True stories make the most powerful songs. Obviously, this one was brought to mind by recent events.
[Sorry, but the lack of punctuation marks drives me nuts. I'm gonna put them in.]
Montreal, December '89
by Judy Small
It was a cold December afternoon, the line stretched round the block,
And some of them were weeping and some were still in shock.
Seven thousand came that day to pay their last respects
To fourteen women slaughtered for no reason but their sex.
And the cameras and the mikes were there to record the grief and fear
Of the ordinary people who worked and studied here,
And a woman in her fifties in a gentle quiet tone
Summed up her sisters' outrage at the murder of their own.
She said, "I wonder why, as I try to make sense of this,
Why is it always men who resort to the gun, the sword and the fist?

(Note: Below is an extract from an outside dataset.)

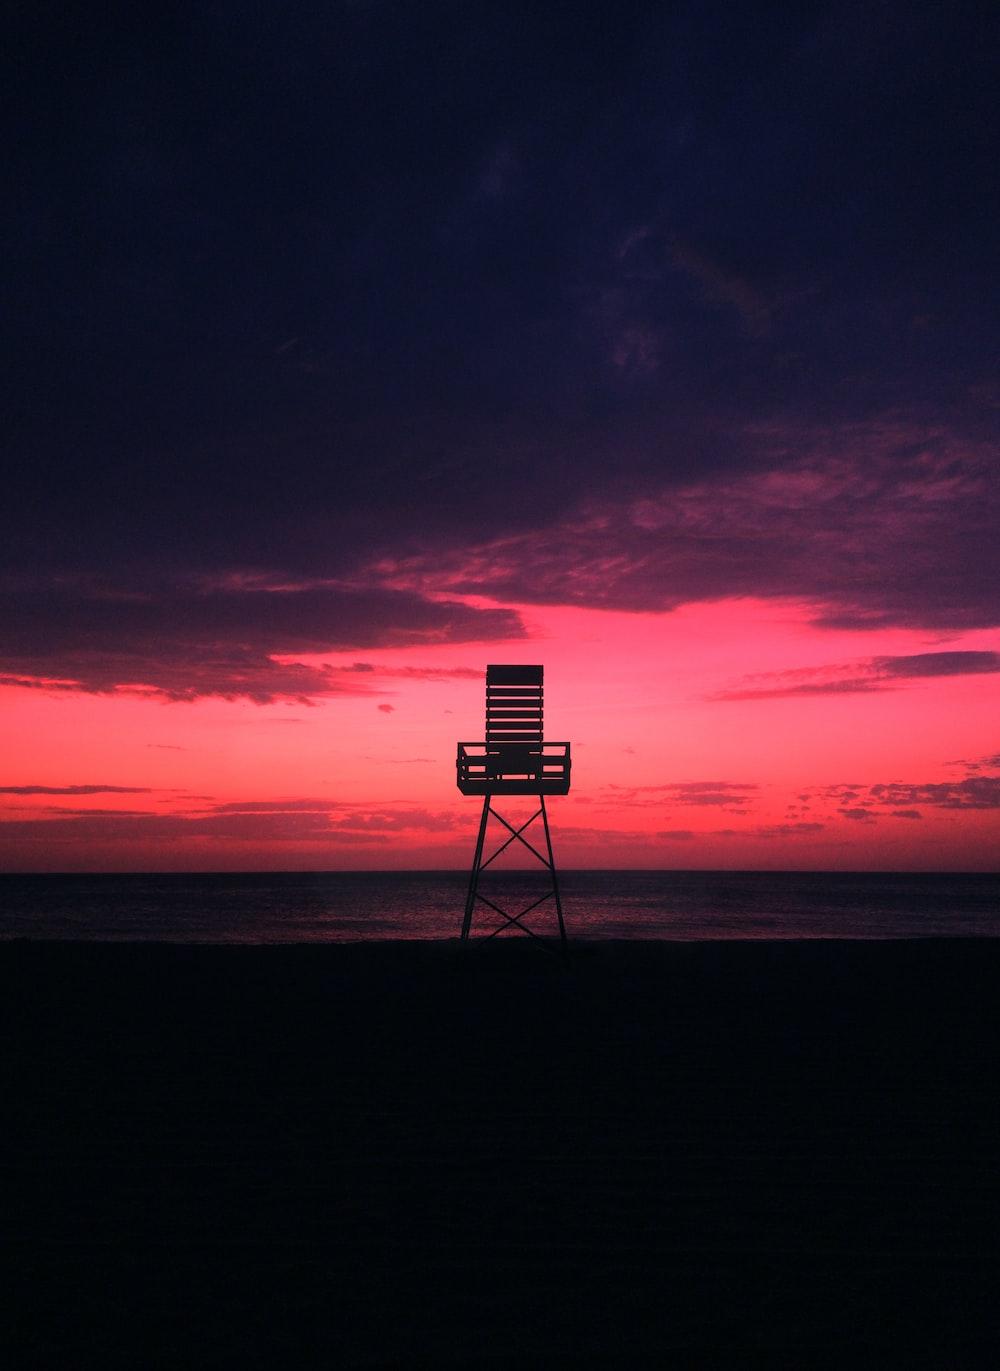 brown watch tower on shore under golden hour
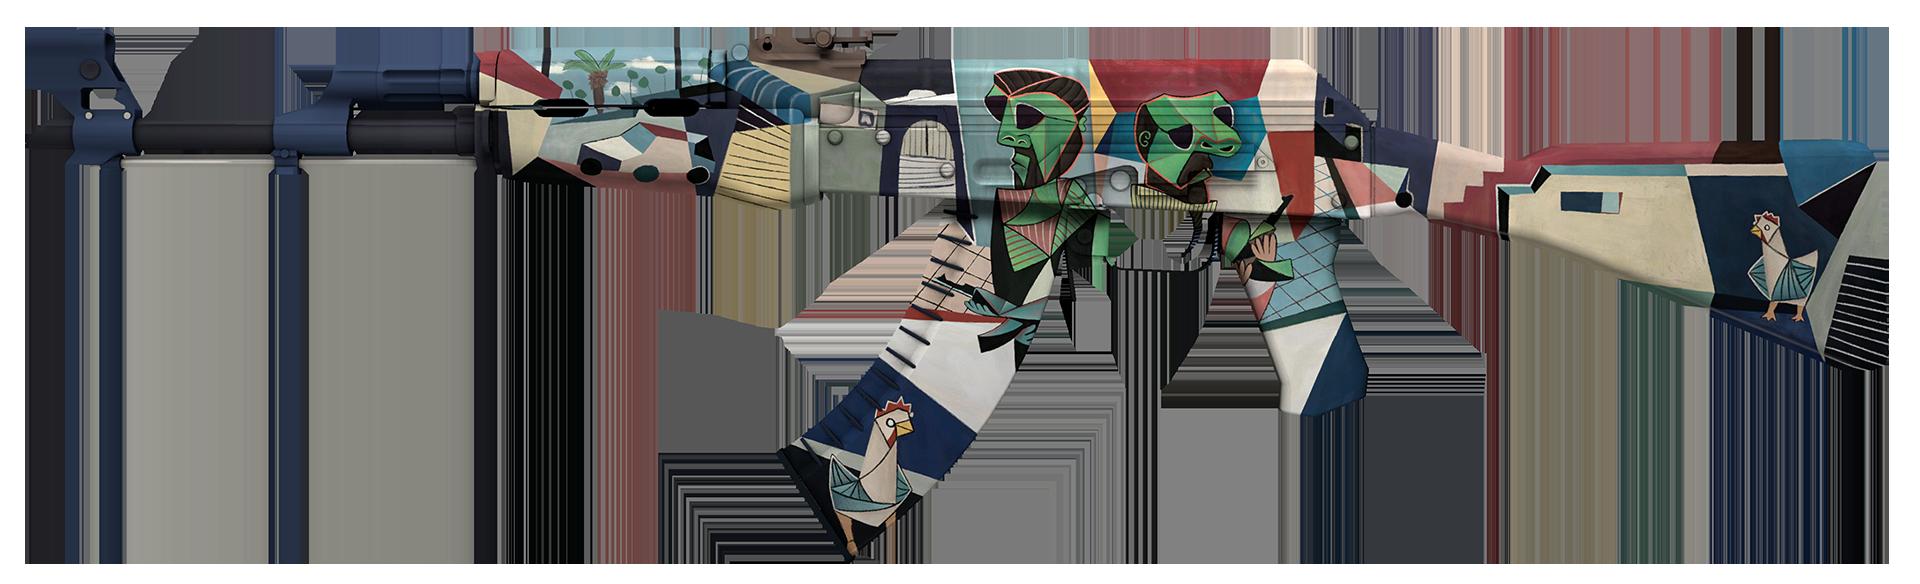 AK-47 Leet Museo Large Rendering

Why does 'gunman' sound so familiar while 'gunwoman' doesn't quite ring true?
What is it about men that makes them do the things they do?"
And the man behind her in the line, he started getting steamed.
He said, "It wasn't because he was a man, this guy was crazy, mad, obscene."
"Yes he was crazy," the woman replied, "But women go crazy too.
And I've never heard of a woman shooting fourteen men, have you?"
And all those other times came flooding back to me again:
A hundred news reports of men killing family, strangers, friends.
And yes I can remember one or two where a woman's hand held the gun,
But exceptions only prove the rule and the questions still remain.
And don't you wonder why, as you try to make sense of this,
Why is it always men who resort to the gun, the sword and the fist?
Why does "gunman" sound so familiar while "gunwoman" doesn't quite ring true?
What is it about men that makes them do the things they do?
And I know there are men of conscience who aren't like that at all,
Who would never raise a hand in anger and who reject the macho role.
And if you were to ask them about the violence that men do,
I know they'd say they hate male violence too,
And so we wonder why, as we try to make sense of this,
Why is it always men who resort to the gun, the sword and the fist?
Why does "gunman" sound so familiar while "gunwoman" doesn't quite ring true?
What is it about men that makes them do the things they do?